# Shrimp maturity time frame...?



## lowfi (Apr 18, 2007)

Hey everyone,

Ive had some cherry shrimp for a few weeks now and they are reproducing like crazy. I keep them in a 5.5 gallon tank with some small plants. I feed Hikari crab cuisine and am liking it. Here is my question....how long before the new babies will become mature? It's funny, I see all these little babies running around...and then they sort of disappear. I would have thought to see them really increase in size and abundance in the tank. I have had at least 4 hatches in these few weeks. How many shrimp should I expect and what do you think the carrying capacity of a 5.5 gallon tank is for RCS? I have no other fish in the tank...only ramshorns. The tank has been established for months. Thanks for any advice.

Sean


----------



## dekstr (Oct 30, 2007)

Hey lowfi,

From what I know, the cherry shrimp's life span is only 1-2 years.




> Once a female and male are sexual mature (4-6 months old) and the above-mentioned requirements are met, they will breed. Breeding occurs right after a female molts. She will then hide and release pheromones and the male will find her and breed with her. After breeding the female will carry the fertilized eggs under her tail until they hatch.




So they are ready to reproduce once 4-6 months old. But I've read threads where members have claimed they have cherry shrimp breed even when they were juveniles, given the right breeding conditions.

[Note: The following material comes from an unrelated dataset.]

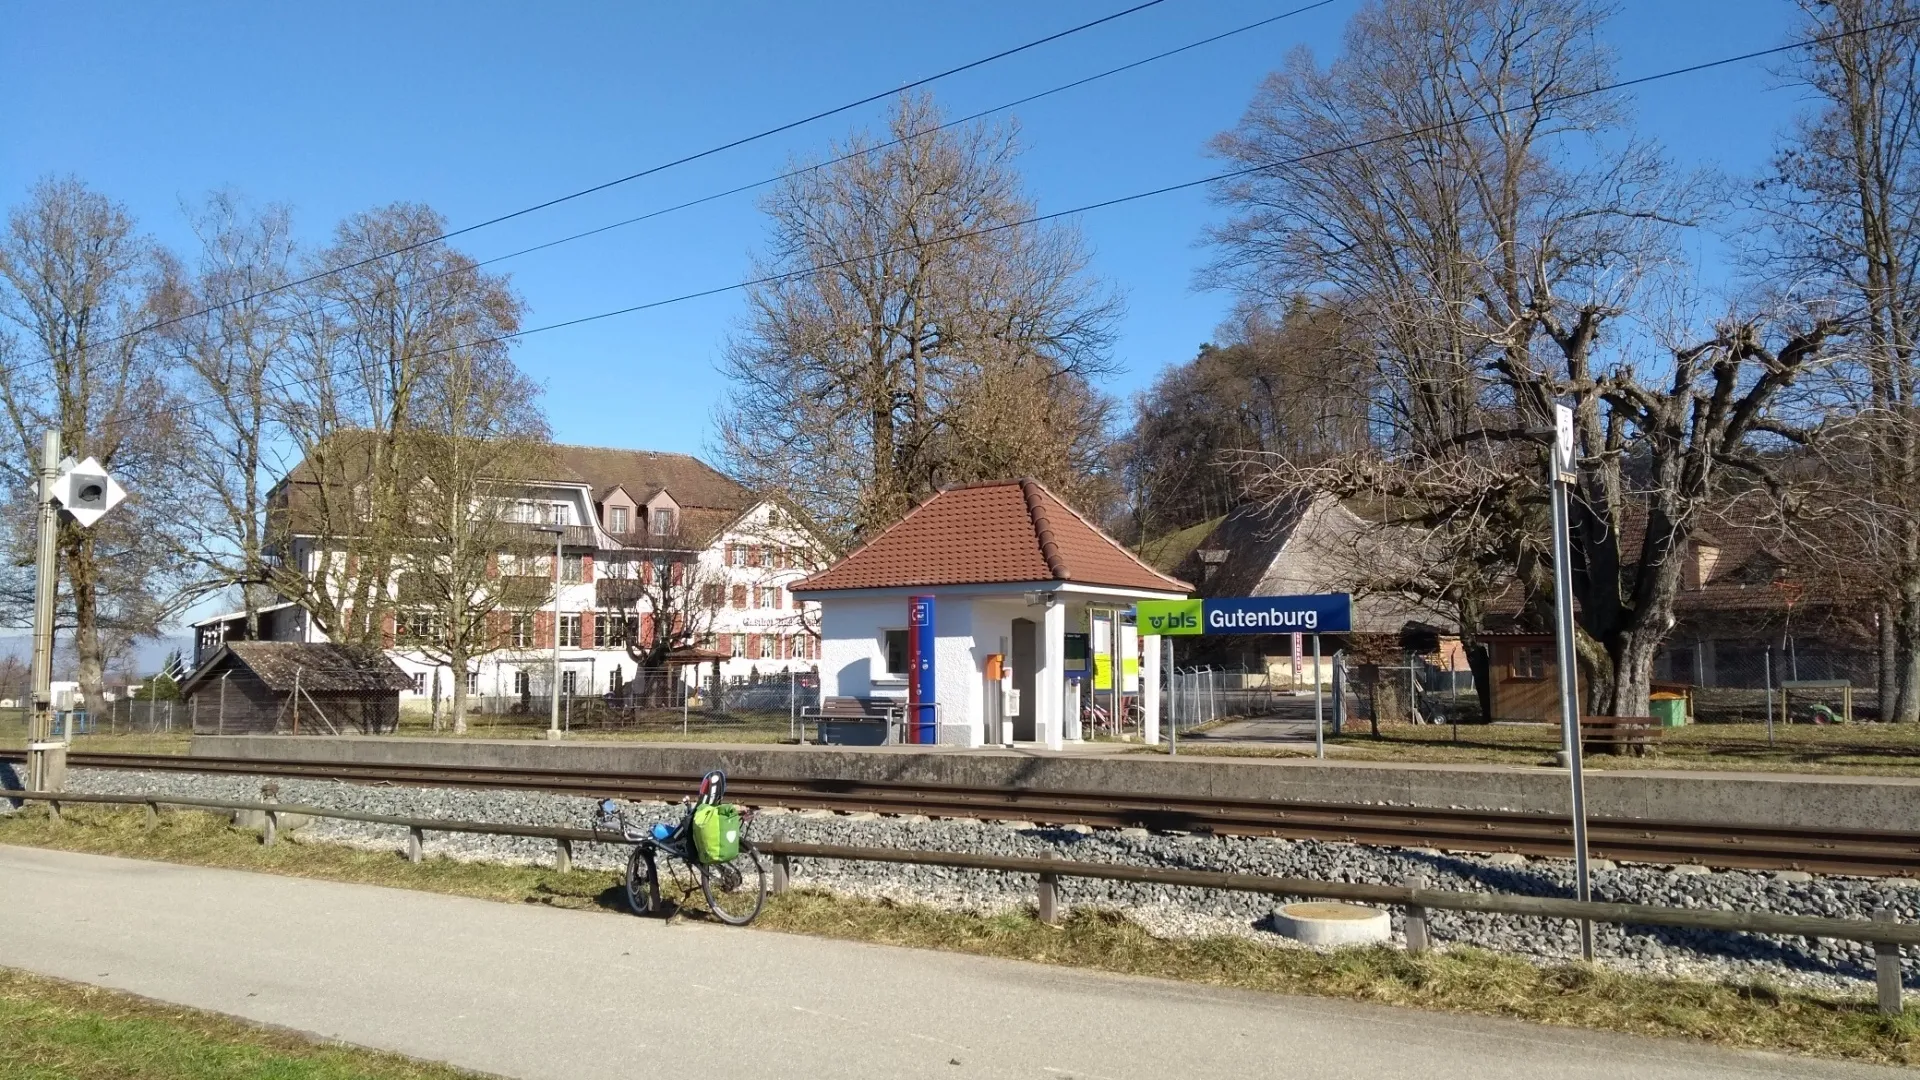 Photo showing: Gutenburg railway station in Madiswil, Switzerland.

As for the maximum number in one tank, all I can say is they breed like invasive hares in Australia. I guess they will keep reproducing as long as there is food available and the tank is breeding appropriate, up to the point where it is no longer possible to sustain the bioload, which is when the filtration cannot possibly handle the amount of food that breaks down.

As for your disappearing baby shrimps, there are a lot of factors why they disappear. Here are some I've learned about from others.

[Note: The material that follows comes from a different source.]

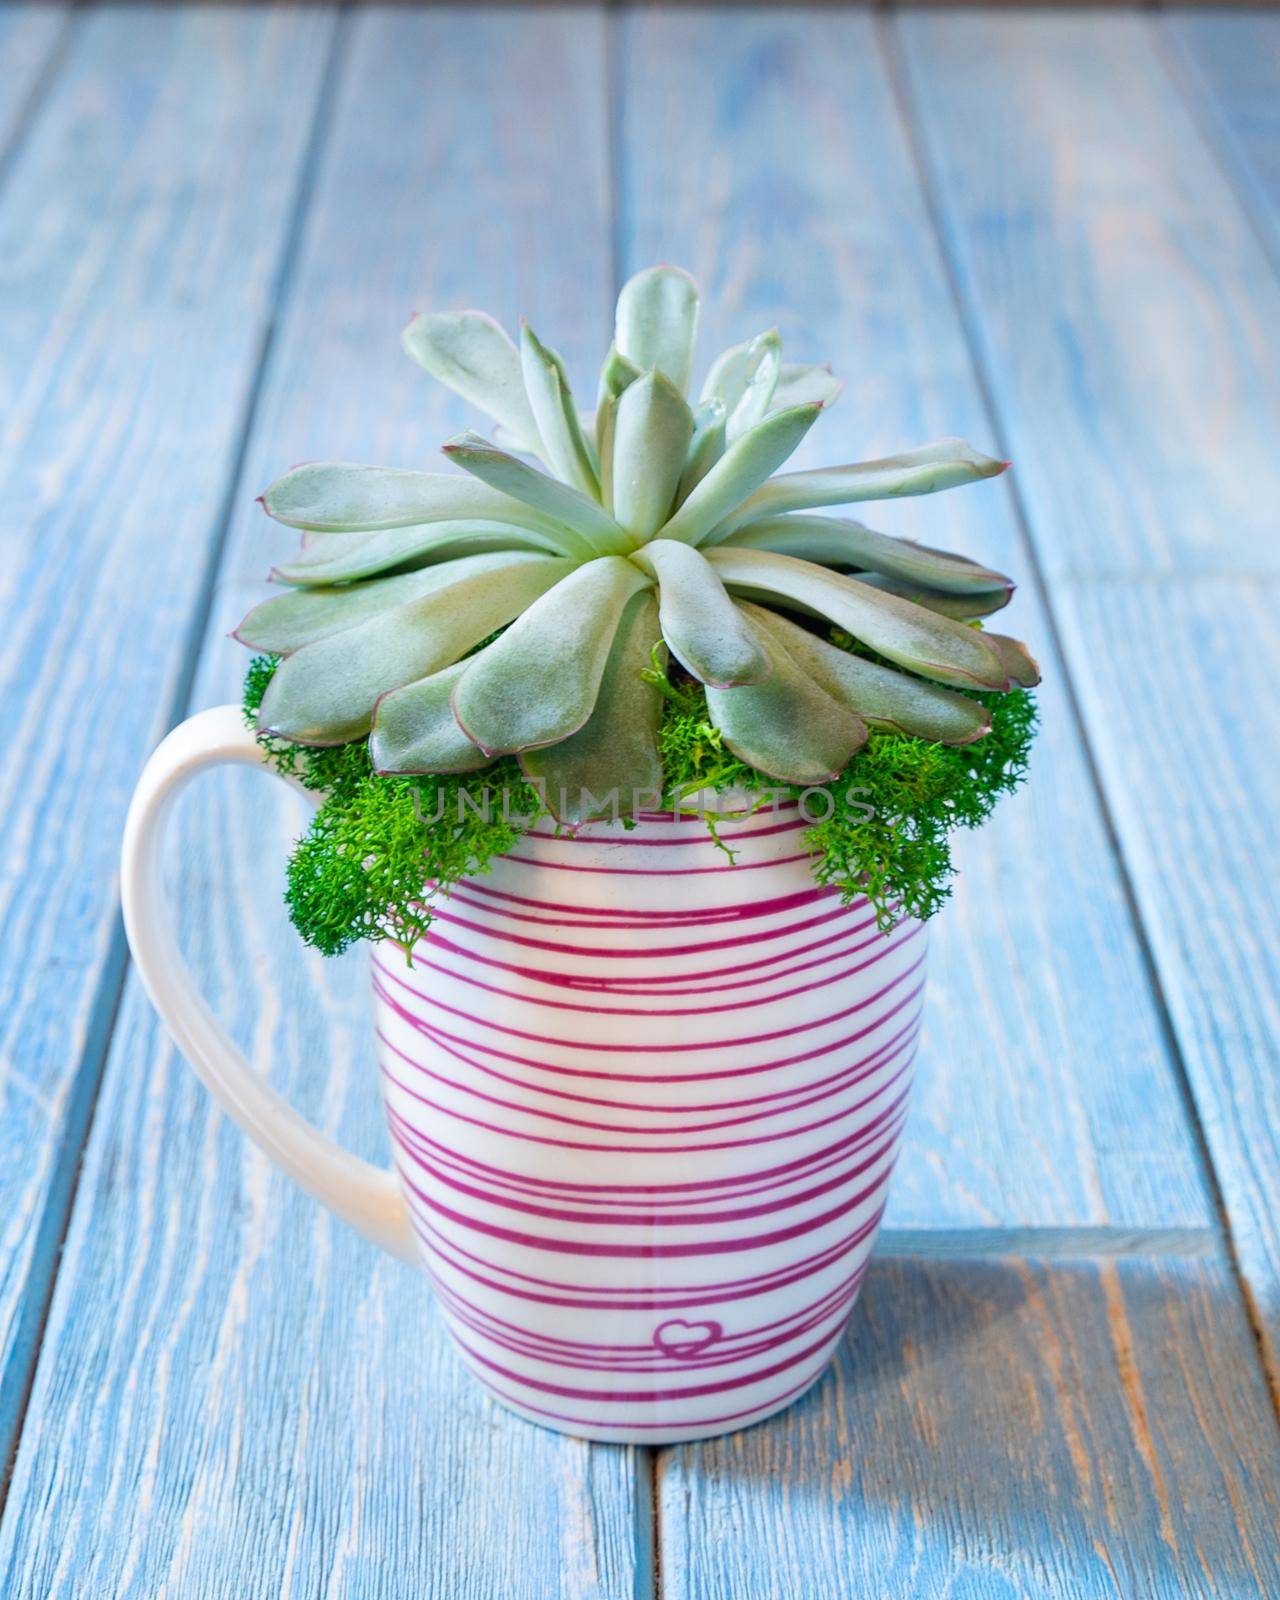 Terrarium, sand, rock, succulent, cactus, moss in the mug, cup

1. Baby cherry shrimp look awfully like brine shrimp to fish. So if you keep fish, they will probably eat the baby shrimp. Adult cherry shrimps do not eat their own kind, even when they are babies, unless they are already dead.
2. Even if you keep fish with the shrimp, then the surviving babies will be hiding for protection--thus away from visibility--and you will not see them.
3. Your filter intake, if you run one with a motor impeller, is so powerful it sucks up the babies and kills them with the impeller.

Hope I helped!
Dexter


----------



## Grubs (Jul 4, 2007)

dekstr said:


> 3. Your filter intake, if you run one with a motor impeller, is so powerful it sucks up the babies and kills them with the impeller.

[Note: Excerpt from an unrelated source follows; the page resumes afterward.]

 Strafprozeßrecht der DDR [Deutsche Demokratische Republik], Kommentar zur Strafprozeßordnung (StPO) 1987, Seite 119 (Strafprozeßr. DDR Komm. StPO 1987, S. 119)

Actually many canisters have the filter media *before* the impeller so the shrimp are sucked into the filter and can live in there for quite some time depending on how harsh the conditions are. Whenever I clean my canisters I always rinse the ceramic pipes and recover 20-30 shrimp - some of which are too big to get through the fly-screen over my filter intake. This suggests they were sucked up when tiny and have grown in the filter!


----------



## oblongshrimp (Aug 8, 2006)

Ya I actually had 5 Crystal shrimp (SS grade) that I found in my ehiem the other day when I cleaned it....sure glad I checked before dumping the water out.


----------